Remember, this is a body of water buried beneath perhaps 20 kilometers of ice, locked within a moon that is 500 kilometers in diameter. We know it’s there because a 2014 flyby of the Cassini Saturn orbiter collected data on geyser activity erupting through the striking fissures in the south polar ice. That immediately put Enceladus high on the list of astrobiologically interesting targets along with, of course, Jupiter’s moon Europa.
Image: A masterpiece of deep time and wrenching gravity, the tortured surface of Saturn’s moon Enceladus and its ongoing geologic activity tell the story of the ancient and present struggles of one tiny world. A new theory examines circulation within the ocean beneath the surface, with implications for future searches for life there. Credit: NASA/JPL-Caltech.
The differences from Earth’s oceans are obvious enough, including the fact that the Enceladus ocean is being heated from below at its interface with the core, while being cooled at the top, which argues for a great deal of vertical movement affecting its properties. The paper on this work points out that variations in the thickness of the ice shell would involve separate regions of freezing and melting at the upper ocean/ice interface.
To examine the resulting circulation, Caltech graduate student Ana Lobo, working with colleague Andrew Thompson and JPL’s Steven Vance and Saikiran Tharimena, has applied Thompson’s work on water/ice interactions in Antarctica to the Enceladus environment. The researchers used a computer model to demonstrate the likelihood of ocean currents beyond the expected vertical upwellings. This would be a process that transports heat and introduces a zone of freshwater in the moon’s polar regions, and is partially driven by salinity, a factor that Thompson has found to be affecting ocean circulation near Antarctica.
That’s something to consider as we ponder whether sampling directly from the Enceladus plumes actually reflects the broader conditions found within the global ocean. Cassini has already shown us that the Enceladus ice shell is thinner at the poles than at the equator, a likely indication of areas of melting and freezing that directly affect ocean currents. The reason: Freezing salty water releases salts and causes surrounding water to sink, with the opposite effect happening in regions where the ice is melting. “Knowing the distribution of ice allows us to place constraints on circulation patterns,” according to Lobo.
The researchers’ model implies that ocean circulation on Enceladus connects these areas of freezing and melting in a flow that goes from pole to equator. We will need to take such currents into account as we look into the potential for Enceladus to support life. From the paper:
The circulation will also impact how nutrients from the ocean-mantle boundary are distributed. If nutrients are transported upward primarily by ocean plumes, we would expect detrainment to release these nutrients in the ocean interior. In Earth’s ocean, it has been shown that adiabatic mixing, or stirring along isopycnals [lines connecting points of a specific density], can be an important pathway for nutrient delivery to the surface and modulate productivity there [26].
Thus, the distribution of freshwater fluxes at the ocean-ice interface, by setting global patterns of upwelling, could influence nutrient fluxes and provide insight into which regions of an icy world have resources for life to potentially flourish.
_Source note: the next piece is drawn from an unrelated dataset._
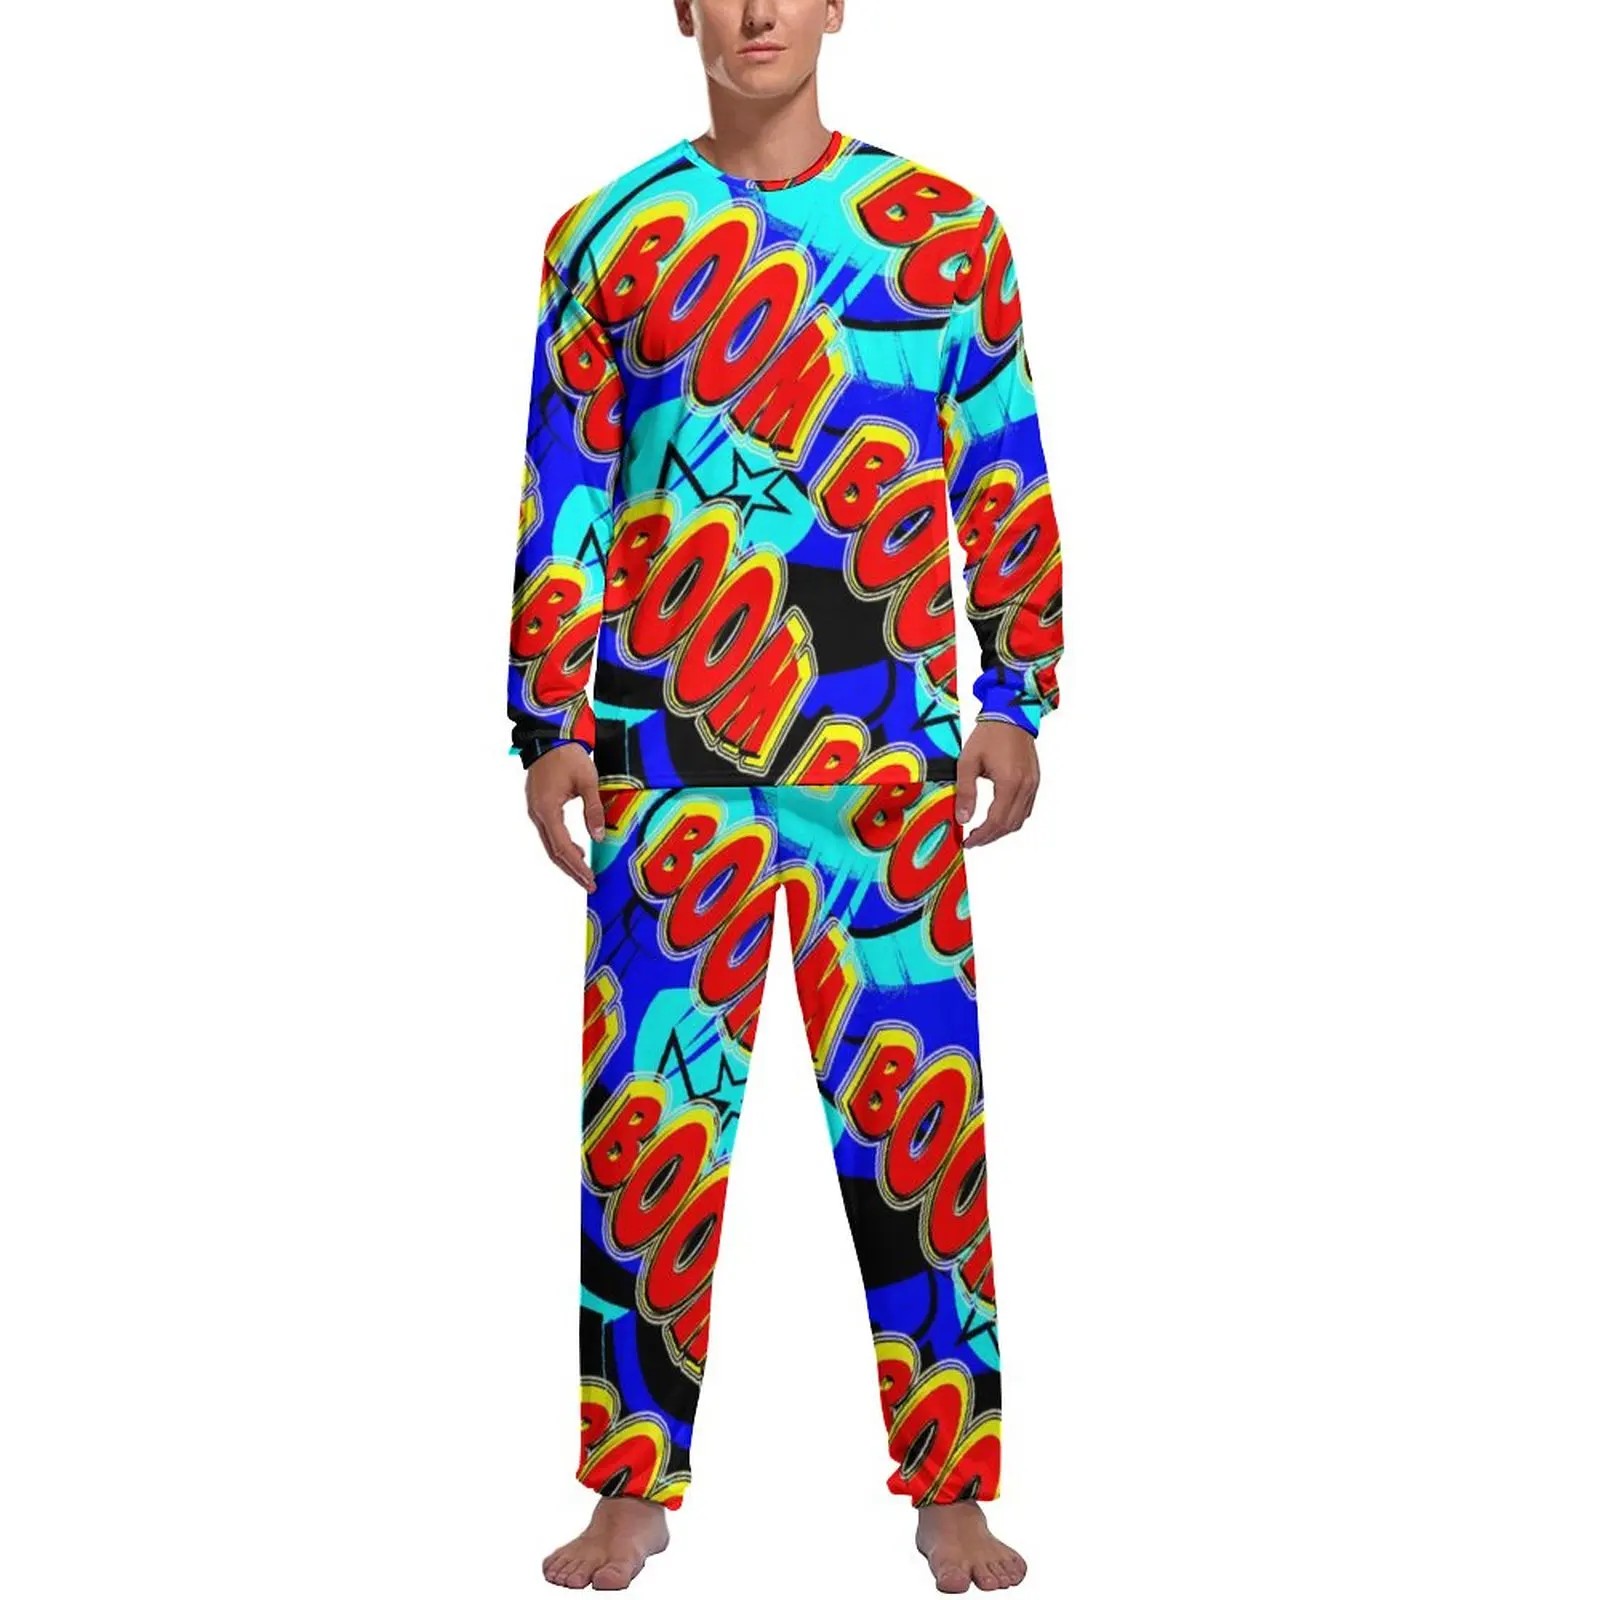 Boom Letter Print Pajamas Long Sleeve Pop Art 2 Piece Casual Pajama Sets Autumn Male Graphic Lovely Nightwear

The study of oceans beneath the ice on outer system moons is in its infancy. The authors of the study, which appears in Nature Geoscience, close their paper by noting other ocean worlds where variability in the ice thickness may be large enough to alter the density structure of the ocean. Titan, with an ice shell anywhere from 50 to 100 kilometers thick, is a case in point, and the Dragonfly mission will carry a geophysical package that should yield further clues to the ocean beneath. At Jupiter, we have both Europa Clipper and JUICE to look forward to, helping to constrain variations in the thickness of the shell while probing the properties of the subsurface ocean.
The paper is Lobo et al., “A pole-to-equator ocean overturning circulation on Enceladus,” Nature Geoscience (25 March, 2021). Abstract / Preprint.
The thermal upwelling at the South pole results in meltwater from the surface crust and general circulation with salinity gradients. The low salinity meltwater beneath the South pole ice cap is in some ways similar to the melting Greenland ice sheets that reduce salinity but also slow down the Atlantic circulation. While this may be the condition today, unlike the Earth where the equator is always warmer than the poles, it is unclear to me why the upwelling should be stable at the polar location. Is it not possible that the hot spot can migrate to anywhere on the core’s surface, moving the general circulation model. In addition, while the current polar upwelling may be dominant based on the distribution of the surface ice crust thickness, might there not be other hotspots also resulting in local upwellings, complicating the picture?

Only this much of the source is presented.